[Foyer of the Public Library, St. Petersburg, January 1895. The lamp-smoke mingles with frost drifting through the opened door. Two men—one in an American sack-coat, the other in a threadbare student’s cloak—step aside from the departing crowd.]
George: Mr. Fyodorov, at last. The snow keeps even exiles honest.
Fyodorov: The blizzard is impartial; that is its virtue. I have read your Progress and Poverty on the train from Tambov. You speak of land as mother, yet allow her to keep her dead buried beneath her.
George: Because the living must breathe before they can dig. While rent devours wages, no spade can be raised for resurrection. Lift the tax from labor and capital, place it on ground-rent alone—the earth will become common property, and surplus will flow to every man and woman. Then, with want abolished, we may—if you insist—dig.
Fyodorov: You tax the surface and believe the root thereby heals. Yet the root is mortality itself. Men quarrel over land because they fear the grave more than hunger. Give them the common task of raising the fathers, and rivalry dissolves in the shared spade.
George: But a task without bread breeds priests, not resurrectionists. Your vision is magnificent, yet if one child tonight sleeps hungry while philosophers dream of raising Julius Caesar, what have we gained? The single tax first loosens the grip of the landlord; with that grip gone, mankind turns voluntarily to any grand enterprise you name.
Fyodorov: And if the grip of death is tighter still? Picture Moscow’s zemstvo freed from rent: they congratulate themselves on well-fed infants, who yet grow old and perish. You have fine wheels, Mr. George, but no railway wide enough for the chariot of universal resurrection.
George: Permit me a parable. A village stands on fertile delta land; the silt is life. Yet one absentee landlord exacts half the produce. Villagers cannot repair the seawall; each flood carries coffins seaward before their time. Common rent—returned to the community—builds the wall, saves the living, and postpones the necropolis. Death is delayed by justice.
Fyodorov: Justice delayed is still partial. The wall postpones; the task transfigures. Your rent-reform may spare us a decade, but fraternity forged in digging at gravesites gifts us centuries, even eternity. Land belongs to all only when all belong to one another across centuries.
George: You underrate the practical magnetism of economic reform. The moment every citizen feels the rent-dividend in his pocket, he glimpses the brotherhood of man with the same clarity saints once felt in cathedrals—without waiting for trumpets at the cemetery gate.
Fyodorov: Feeling rent-dividends resembles feeling incense—its sweetness passes. Feeling obligation to the dead endures; it is the smoky fire inside the conscience. An economy can share soil; only a cultus can share time.

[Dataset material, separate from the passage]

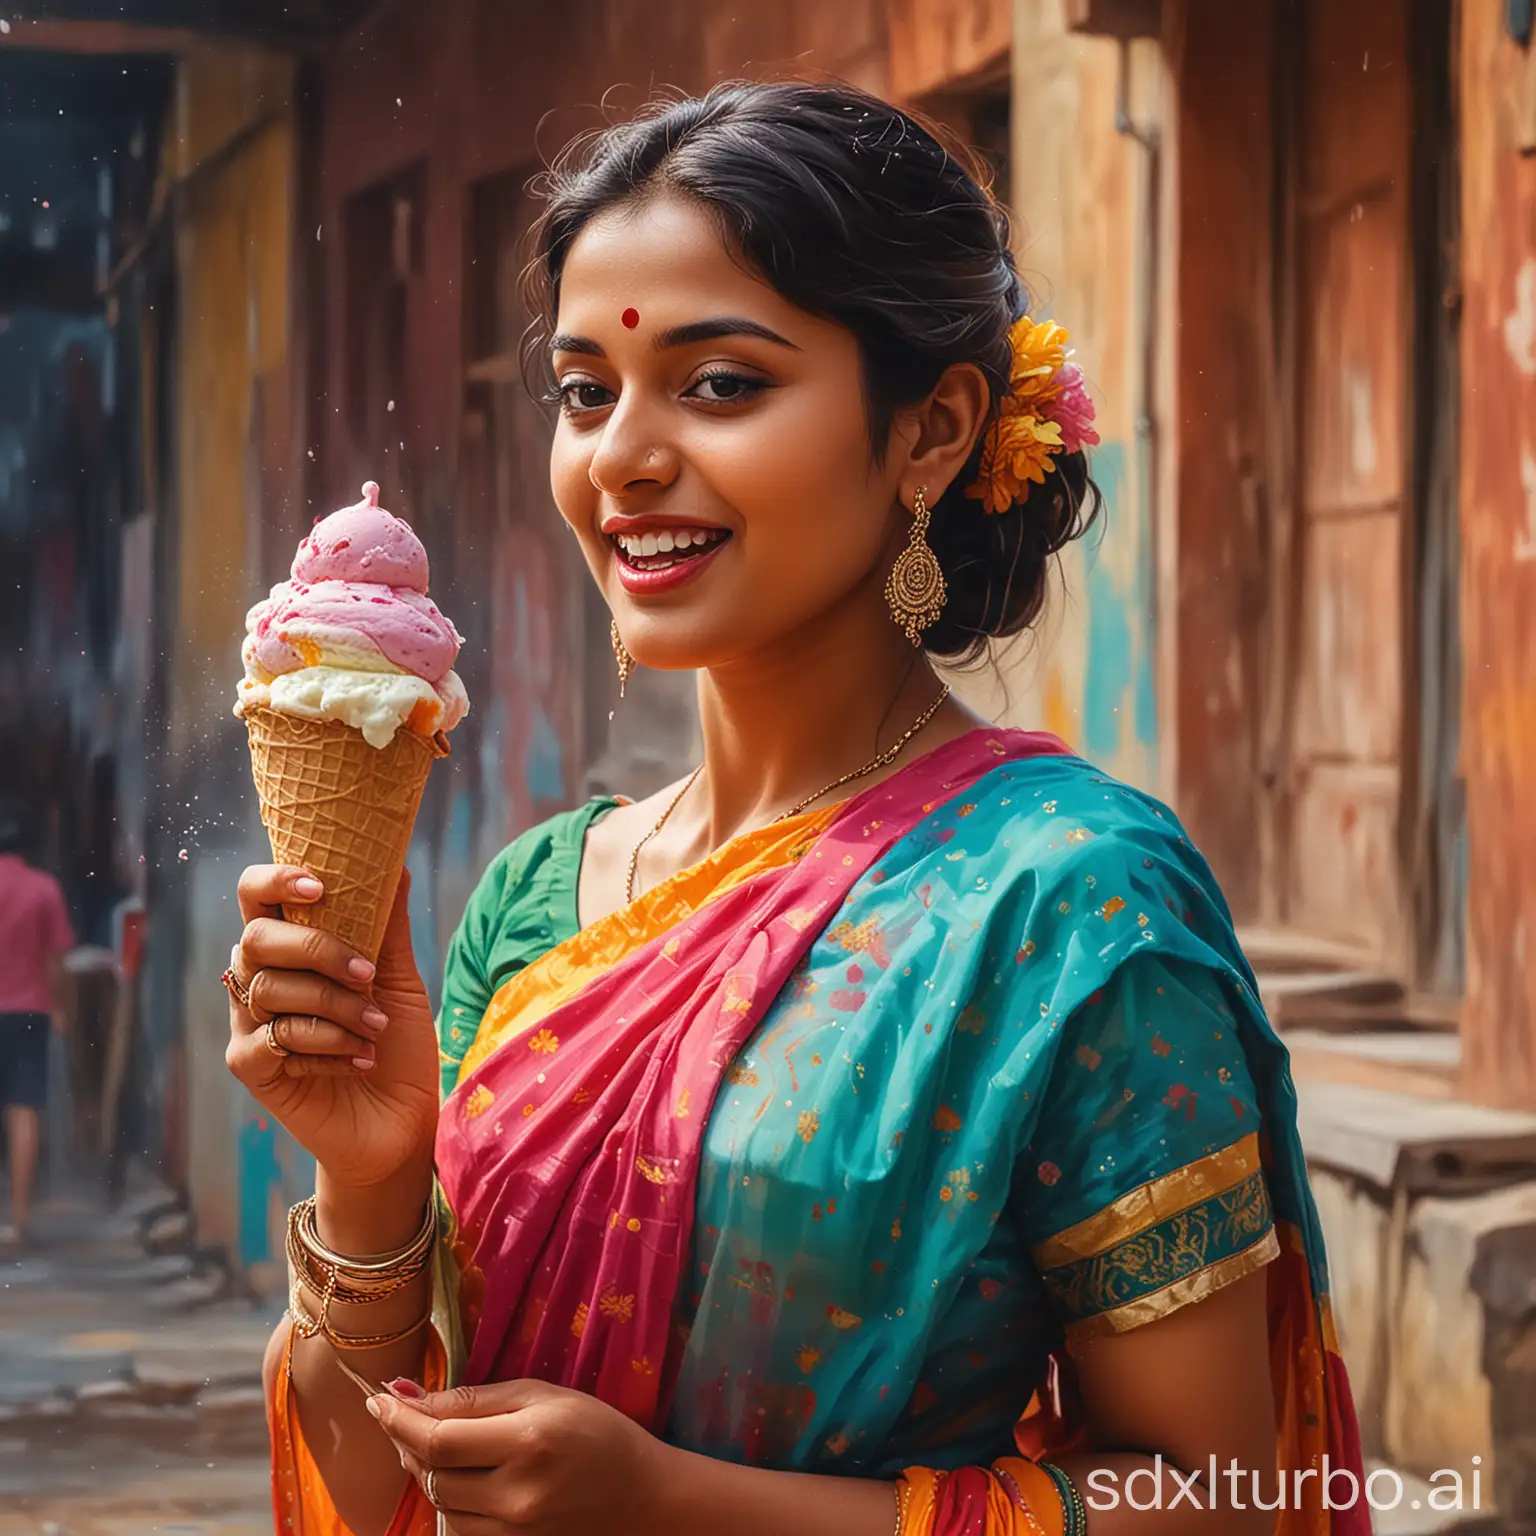 Indian-Lady-in-Saree-Enjoying-Ice-Cream-with-Vibrant-Motion

George: Then combine them. Distribute the rent, but decree that a tenth part of the surplus finances permanent cemeterial colleges—part-monastery, part-laboratory—devoted to resurrection science. Let the dividend become the tithe of immortality. Without the dividend, the tenth part is stolen by landlords; without the tithe, the dividend breeds mere comfort.
Fyodorov: You offer a treaty between earth-bound economist and heaven-seeking philosopher. I accept the clause, provided we inscribe across every deed: “Land is held in usufruct for the dead as much as for the living.” Your tax becomes a sacrament.
George: Then shake on it, Father Nikolai. The spade needs both bread and blessing.
[They clasp hands, damp with melting snow and ink stains. Outside, the storm relents; over the Neva, the first faint green of electric light dangles like a newly opened question.]